▶ _Source material_
- - - - -
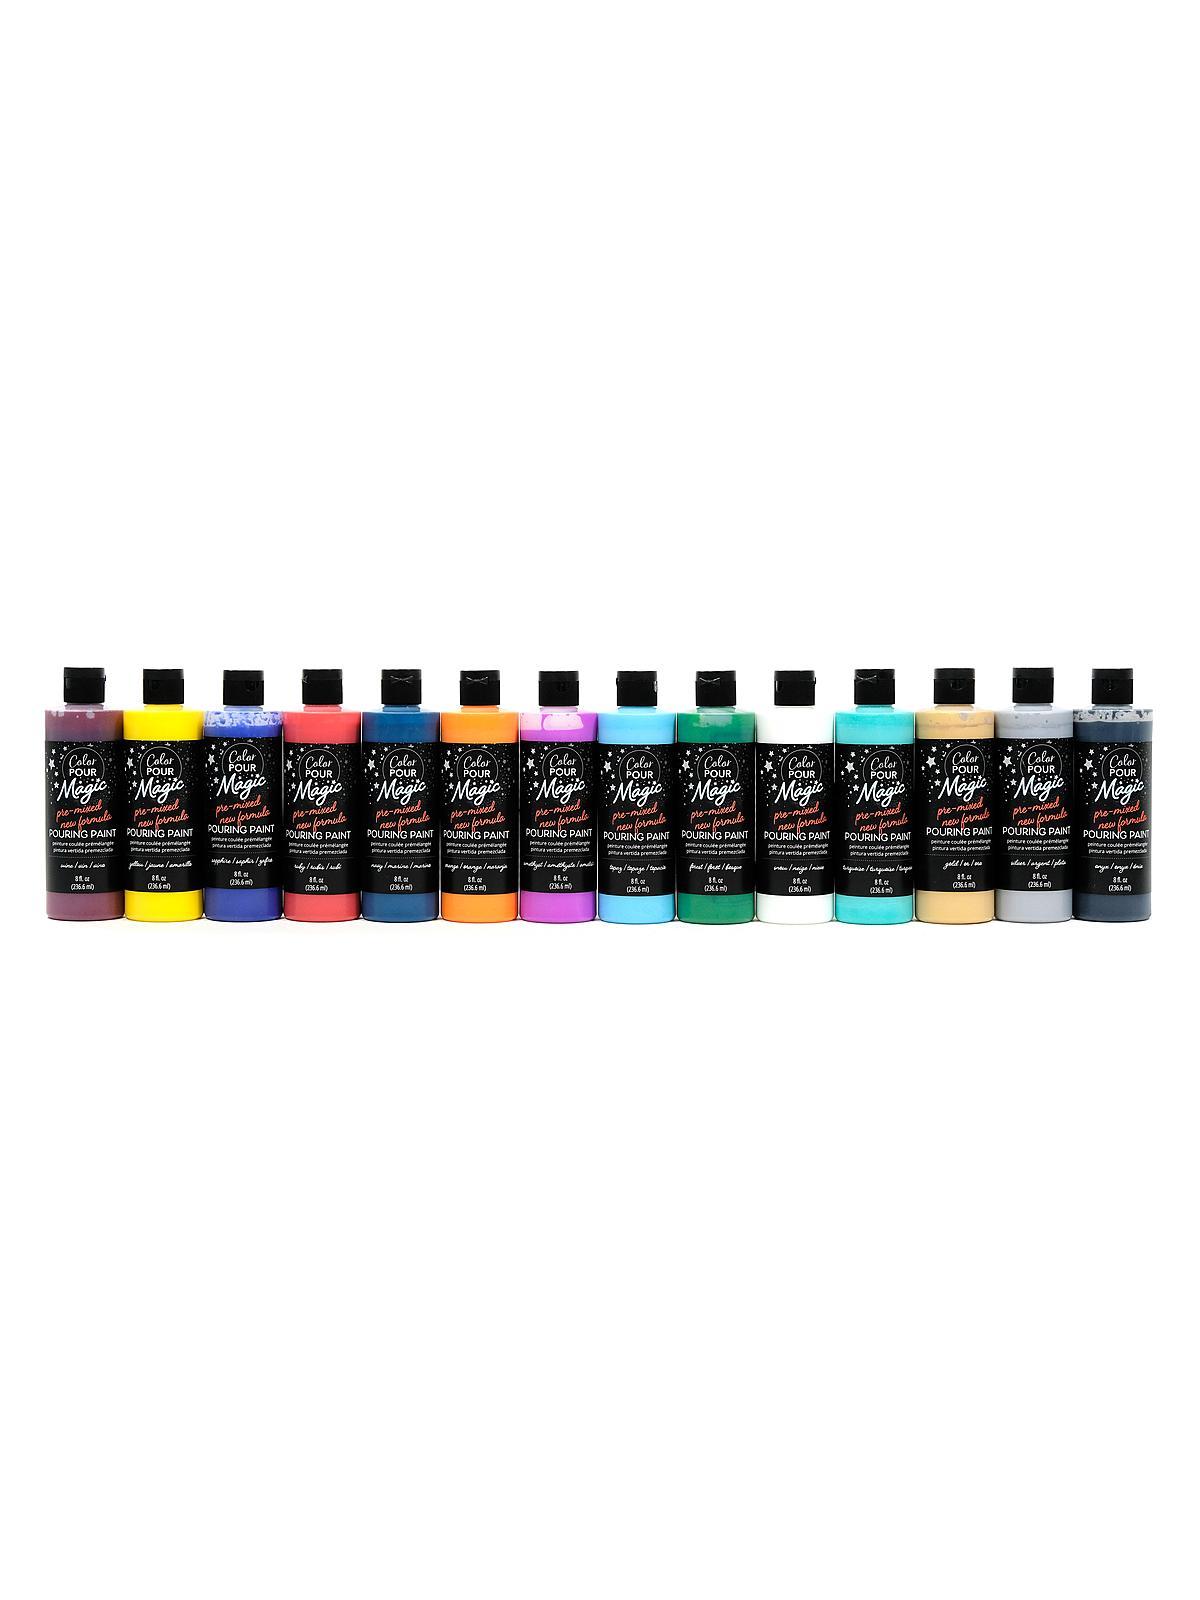 American Crafts - Color Pour Magic Pre-Mixed Pouring Paint
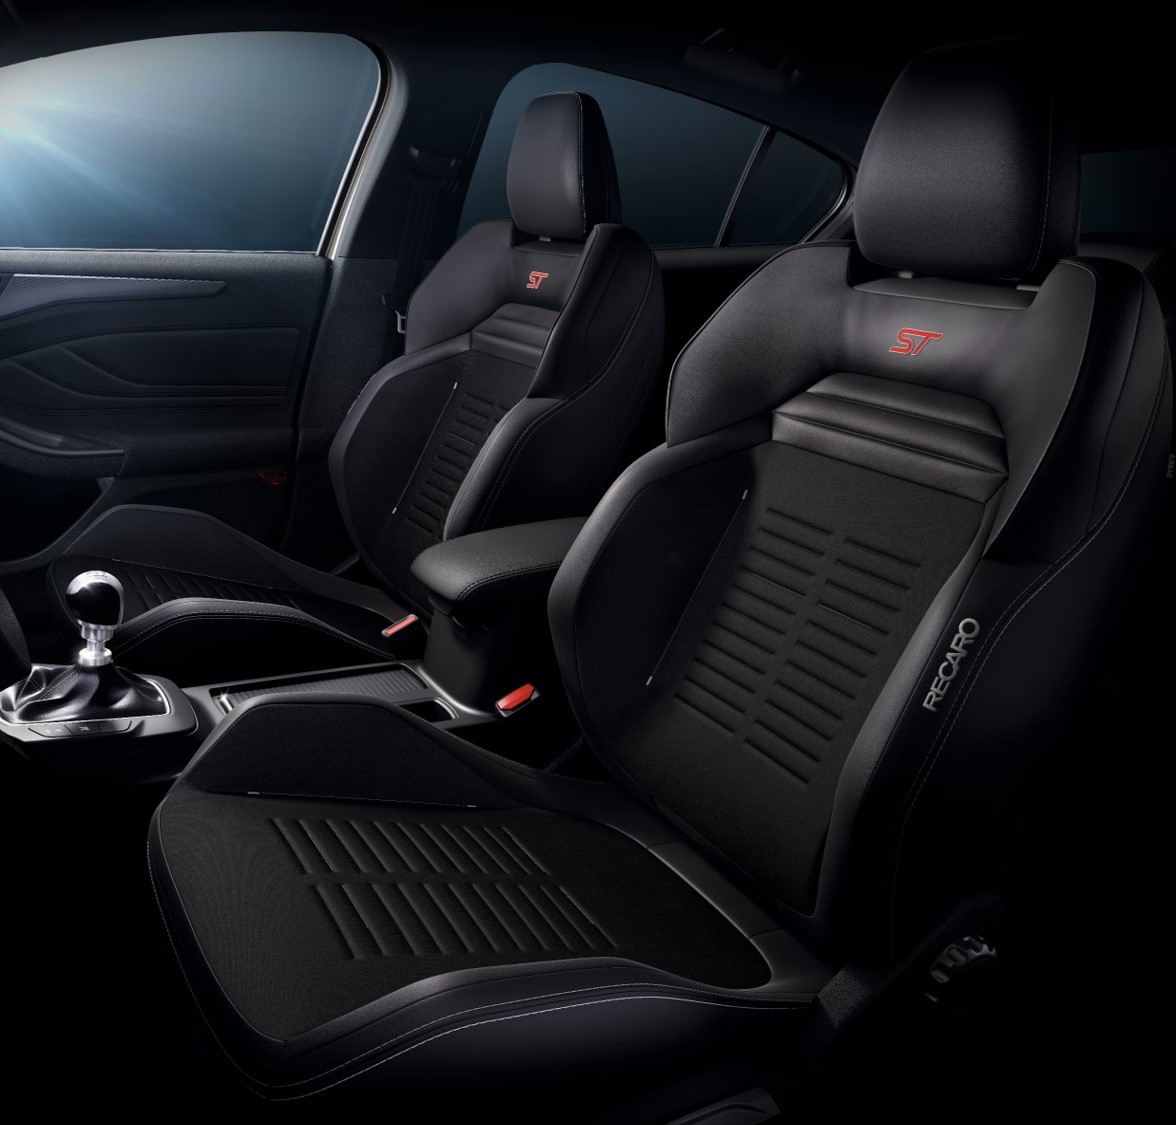 Ford Focus ST Wagon 標配 ST 專屬賽道級 RECARO 運動跑車座椅。
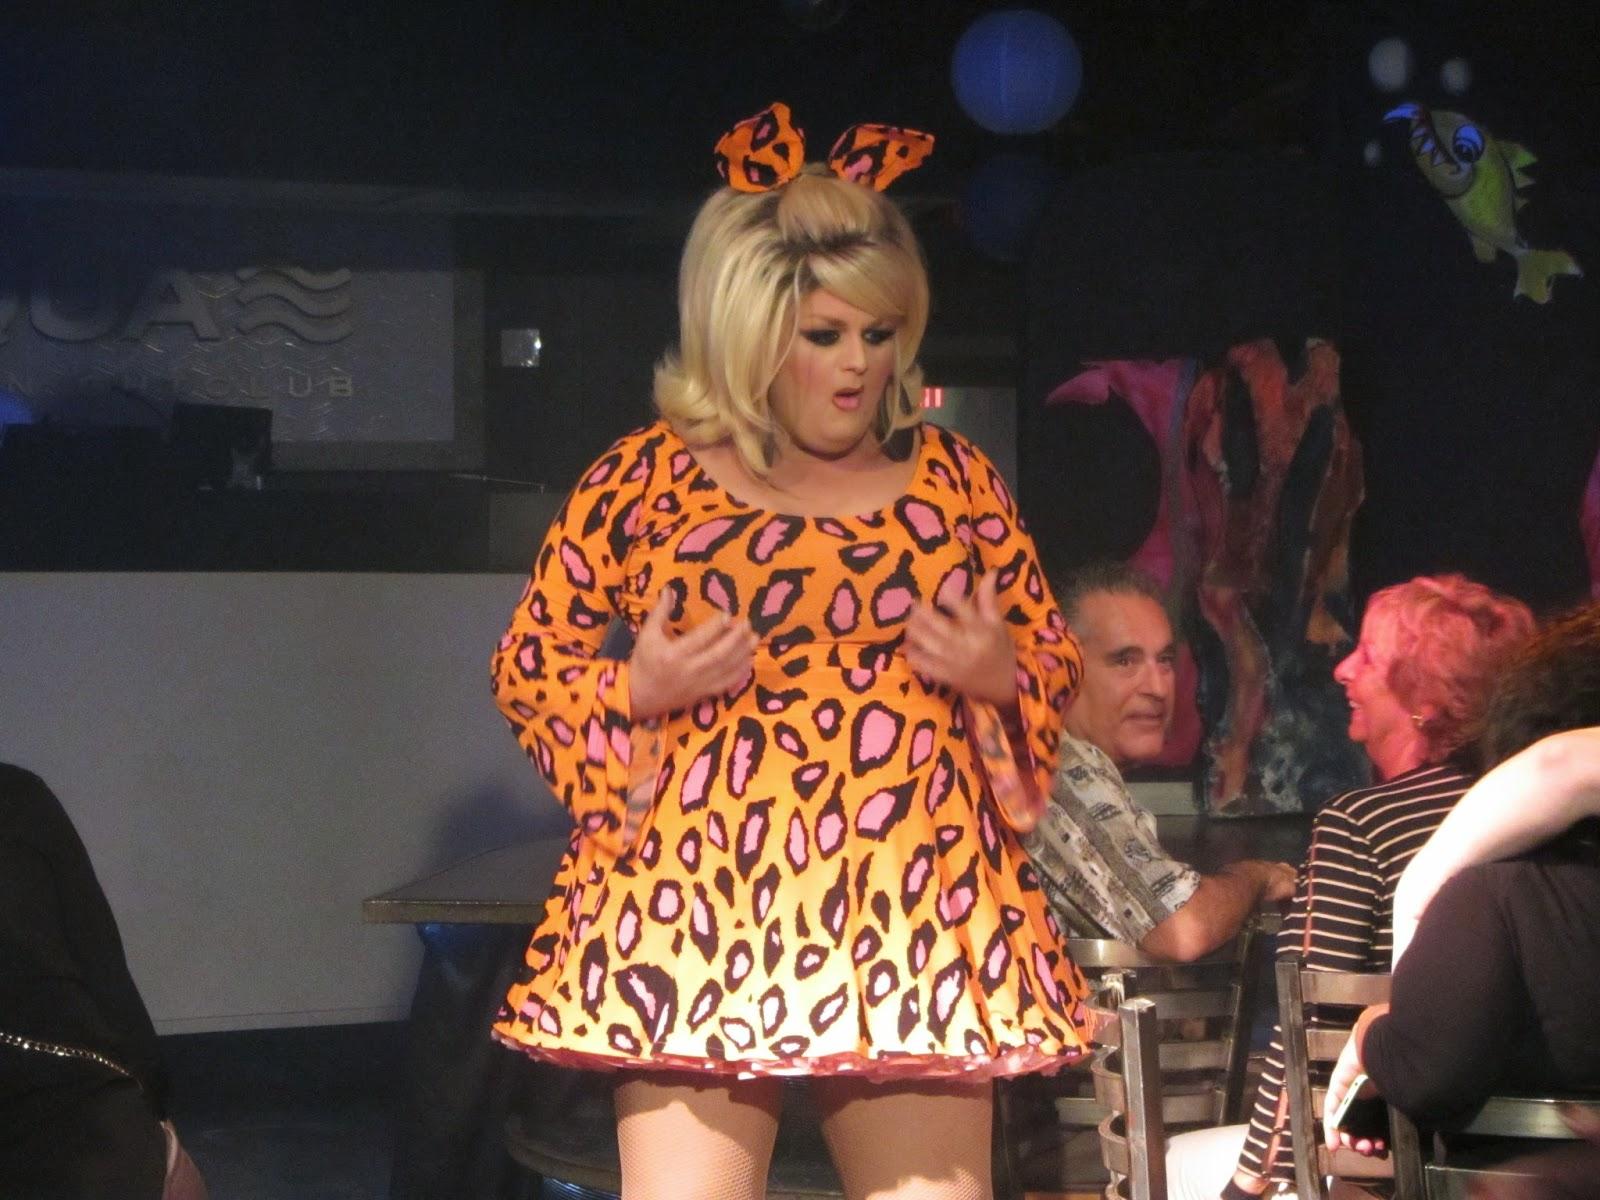 Transvestite club key west fl
- - - - -
▶ _Task instructions_
Restate the whole listing above exactly, please, omitting every image.

▶ _Reply to the task_
 American Crafts - Color Pour Magic Pre-Mixed Pouring Paint
 Ford Focus ST Wagon 標配 ST 專屬賽道級 RECARO 運動跑車座椅。
 Transvestite club key west fl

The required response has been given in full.